Le destin du mouvement des Freikorps devenait déjà apparent. En mars 1920, sous la pression des Alliés après le Traité de Versailles, le président Ebert ordonna la dissolution de la plupart des unités de Freikorps. Certaines unités répondirent par le Putsch de Kapp, une tentative de coup d'État de droite qui échoua en quelques jours. Au début des années 1920, la République de Weimar commença à dissoudre systématiquement les Freikorps, ayant reconnu la menace qu'ils représentaient. Leurs fonctions furent finalement assumées par l'armée régulière et la police ou plus tard absorbées par les unités paramilitaires nazies.

De nombreux anciens membres des Freikorps rejoignirent ultérieurement des organisations nazies, notamment la SA (Sturmabteilung) et la SS. Ernst Röhm, futur chef de la SA, était lui-même commandant de Freikorps.
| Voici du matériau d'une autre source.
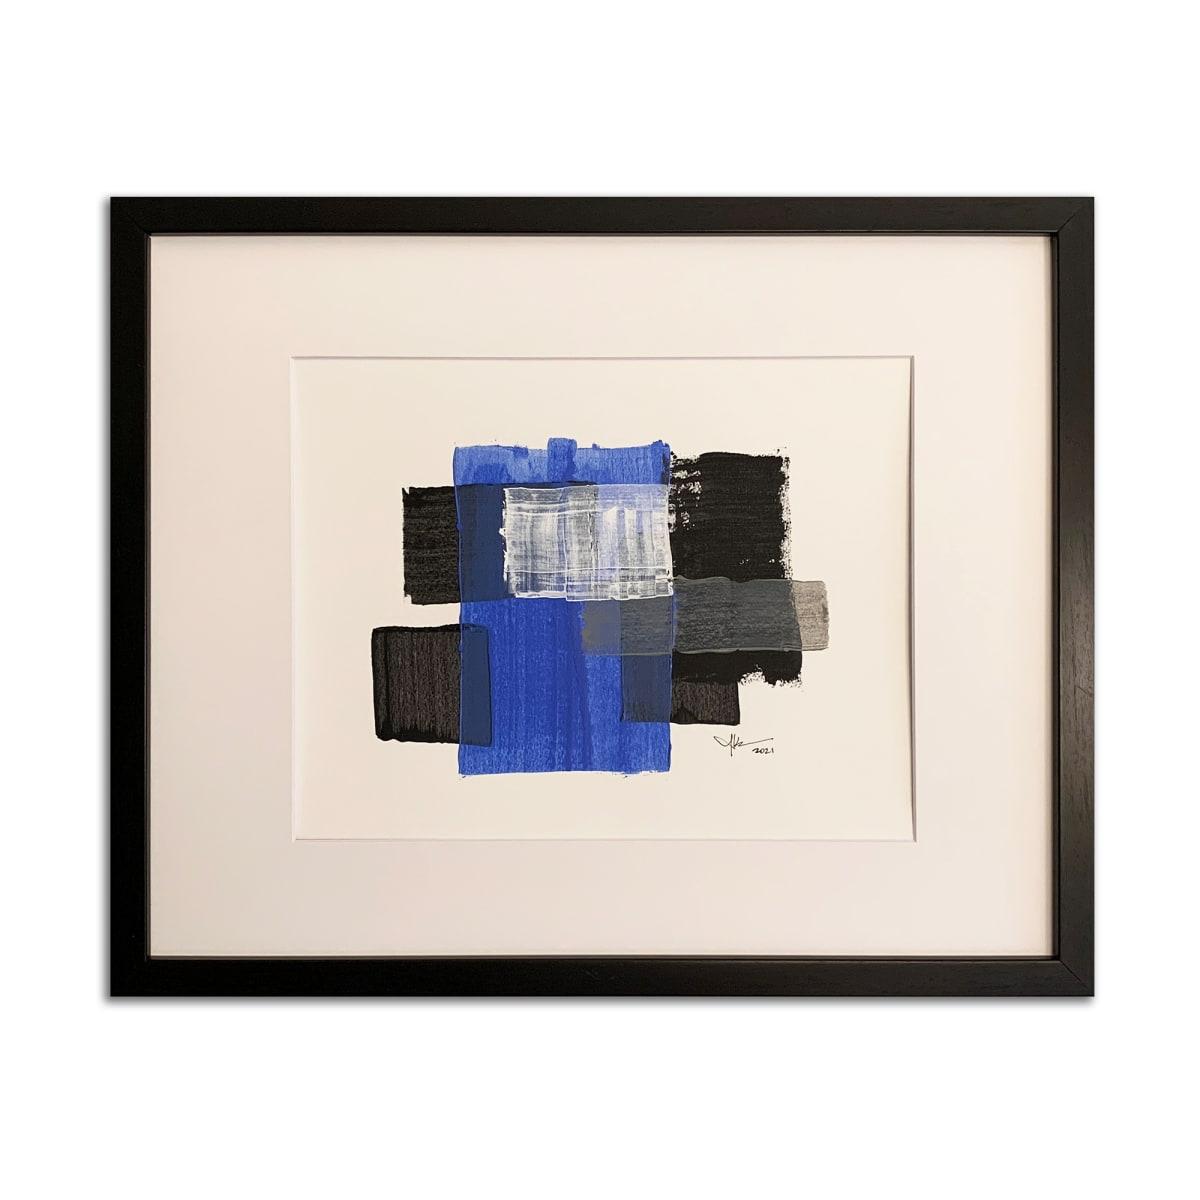 Untitled 60 by J. Kent Martin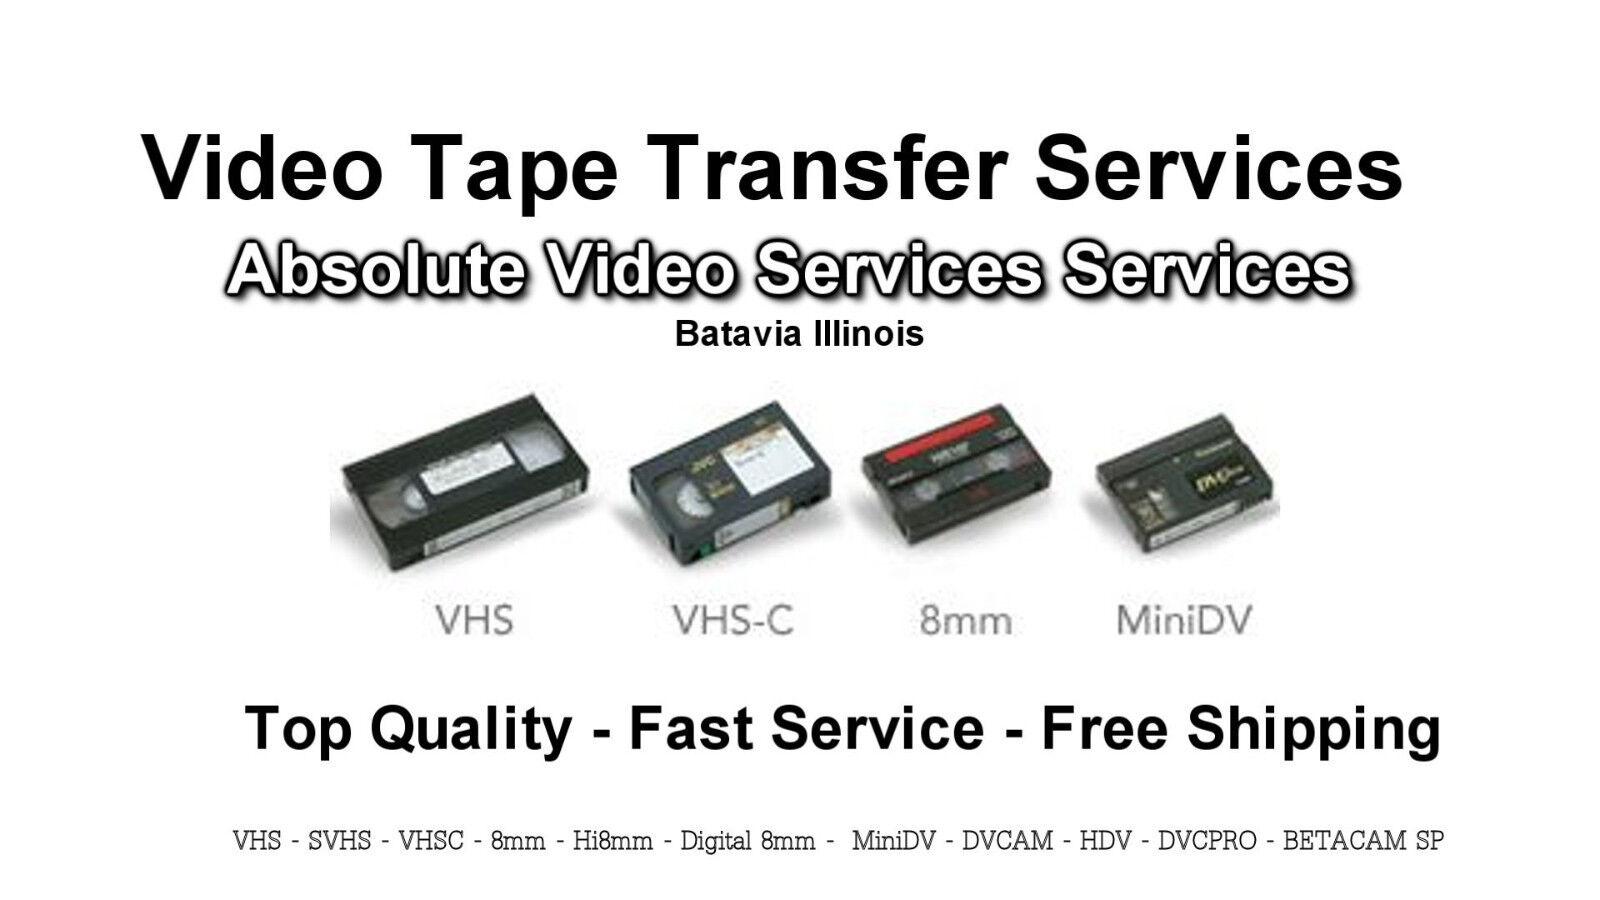 Video Tape Transfer Service to DVD 8MM HI8MM Digital 8MM Video Tape Convert

Cependant, des recherches récentes indiquent que les anciens combattants des Freikorps n'étaient pas plus susceptibles de rejoindre les organisations nazies que la population masculine allemande moyenne.

Cette arme cérémonielle, fabriquée vers 1919 et fournie par la maison berlinoise M. Neumann, n'est pas une arme militaire standardisée mais une pièce de présentation commandée individuellement. L'utilisation de matériaux de haute qualité—lame nickelée avec gravure bleue, monture en laiton doré gravée à la main avec aigle prussien et décor de feuilles de laurier, plaquettes de crosse en ivoire, et fourreau laqué noir avec garnitures dorées—souligne son caractère cérémoniel et l'estime dans laquelle le commandant de compagnie sortant était tenu. Elle témoigne de la culture de camaraderie militaire d'une période de transition où les anciennes traditions militaires prussiennes se prolongeaient dans le nouvel ordre républicain.

La présentation du 23 juillet 1919 eut lieu pendant le pic opérationnel des Freikorps, lorsque ces formations se comptaient par milliers et exerçaient une influence considérable. En moins d'un an, cependant, le paysage politique allait se transformer radicalement, conduisant à leur dissolution systématique. Cette baïonnette représente ainsi un moment fugace de légitimité pour ces formations controversées, capturé dans le métal, l'ivoire et la dorure avant que l'histoire ne rende un jugement plus sévère sur leur héritage.